Provide an in-depth explanation of the Streamable HTTP Java implementation offered by the Spring AI Alibaba open-source framework, along with example explanations of Streamable HTTP using Spring AI Alibaba and Higress at the end.<

Relevant project links are as follows:

● Complete runnable example: https://github.com/springaialibaba/spring-ai-alibaba-examples

● Spring AI Alibaba official blog article: https://java2ai.com/

● Spring AI Alibaba open-source project address: https://github.com/alibaba/spring-ai-alibaba

● Higress official website: https://higress.ai/

HTTP+SSE Principles and Deficiencies

In the original MCP implementation, communication between the client and server occurs through two primary channels:

● HTTP request/response: The client sends messages to the server via standard HTTP requests.
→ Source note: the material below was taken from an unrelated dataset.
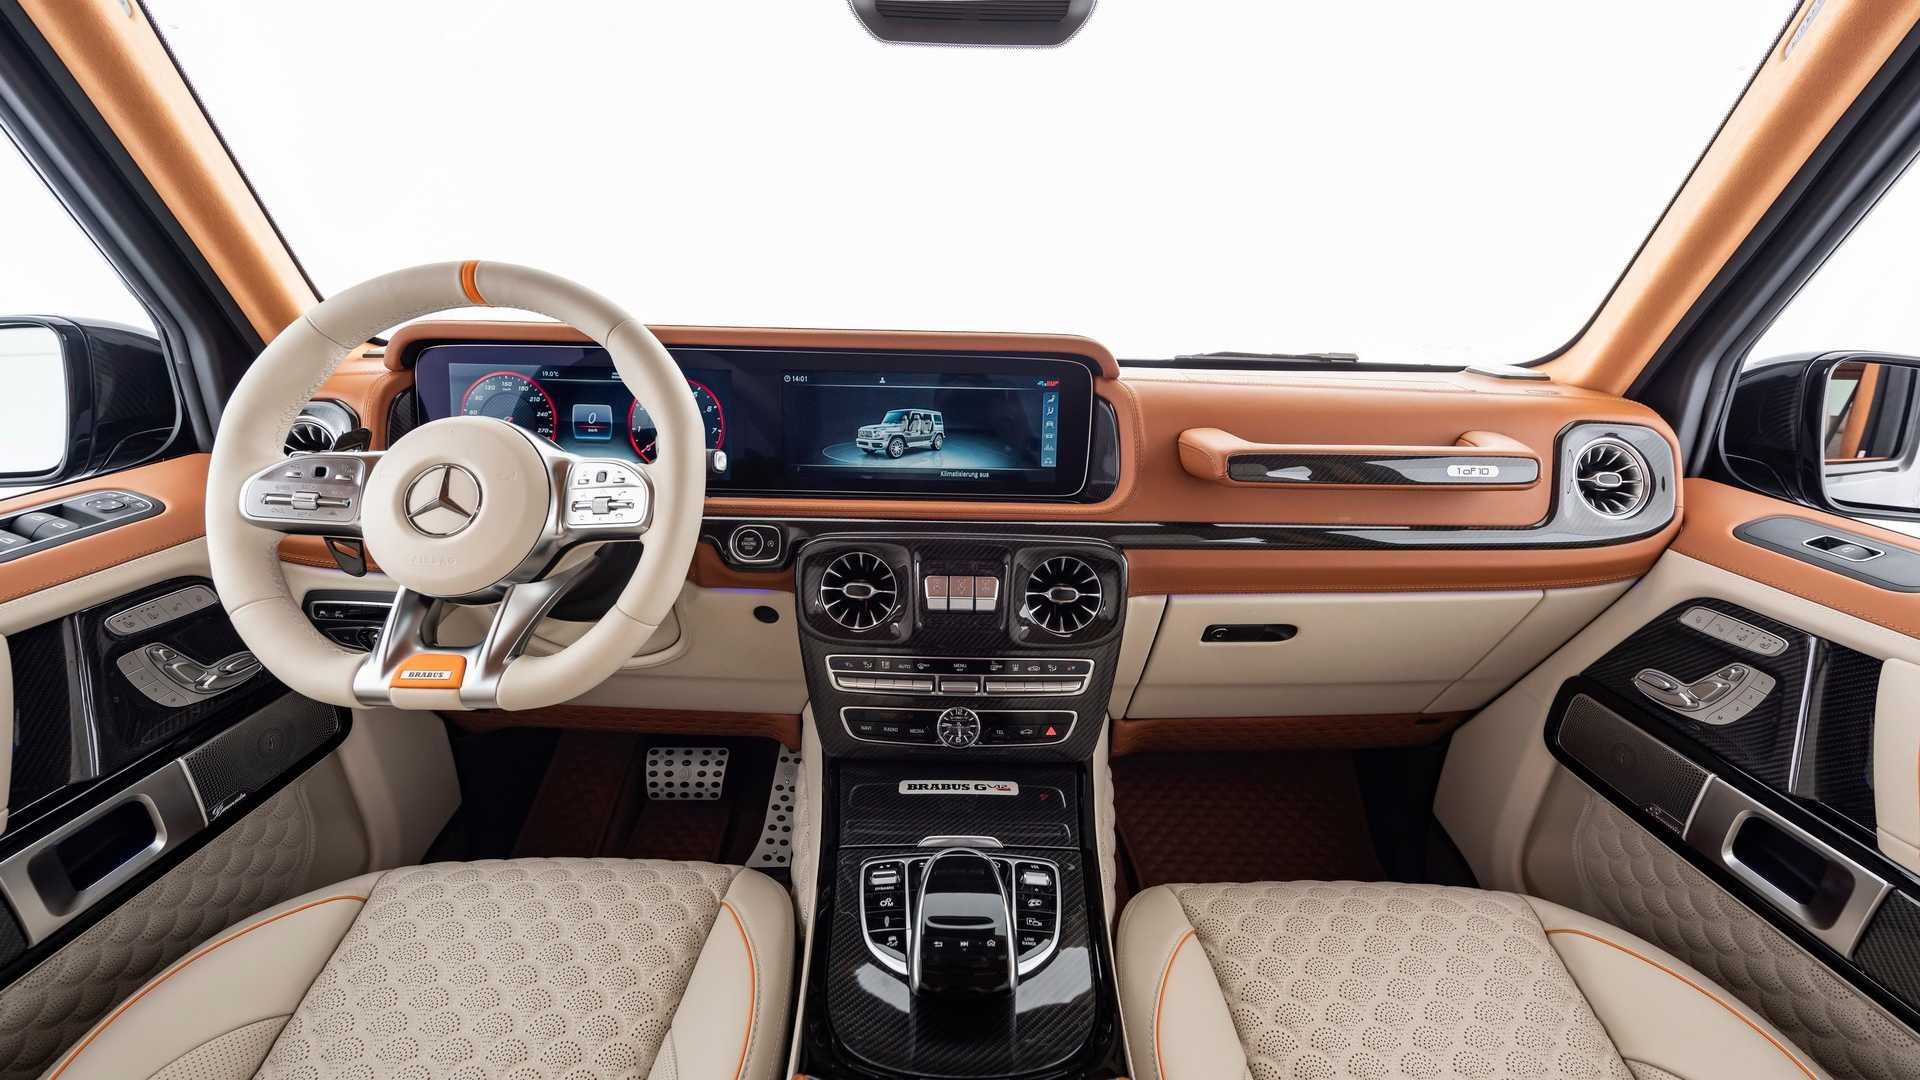 2019 Mercedes G-Class 900 V-12 by Brabus

● Server-Sent Events (SSE): The server pushes messages to the client through a dedicated /sse endpoint.

Major Issues

While this design is simple and intuitive, there are several key issues:

1. No support for reconnecting/recovery:

When the SSE connection is dropped, all session states are lost, necessitating the client to re-establish the connection and initialize the entire session. For example, a large document analysis task being executed could be completely interrupted due to unstable WiFi, forcing the user to restart the entire process.

2. The server must maintain long connections:

The server must maintain a long-lived SSE connection for each client, leading to a significant increase in resource consumption with a large number of concurrent users. When the server needs to restart or scale, all connections are interrupted, negatively affecting user experience and system reliability.

3. Server messages can only be transmitted via SSE:

Even for simple request-response interactions, the server must return information through the SSE channel, creating unnecessary complexity and overhead. This approach is unsuitable for certain environments (such as cloud functions) due to the need to maintain long-lived SSE connections.

4. Infrastructure compatibility limitations:

Many existing web infrastructures such as CDNs, load balancers, and API gateways may not correctly handle long-lived SSE connections. Corporate firewalls might force close timed-out connections, leading to unreliable services.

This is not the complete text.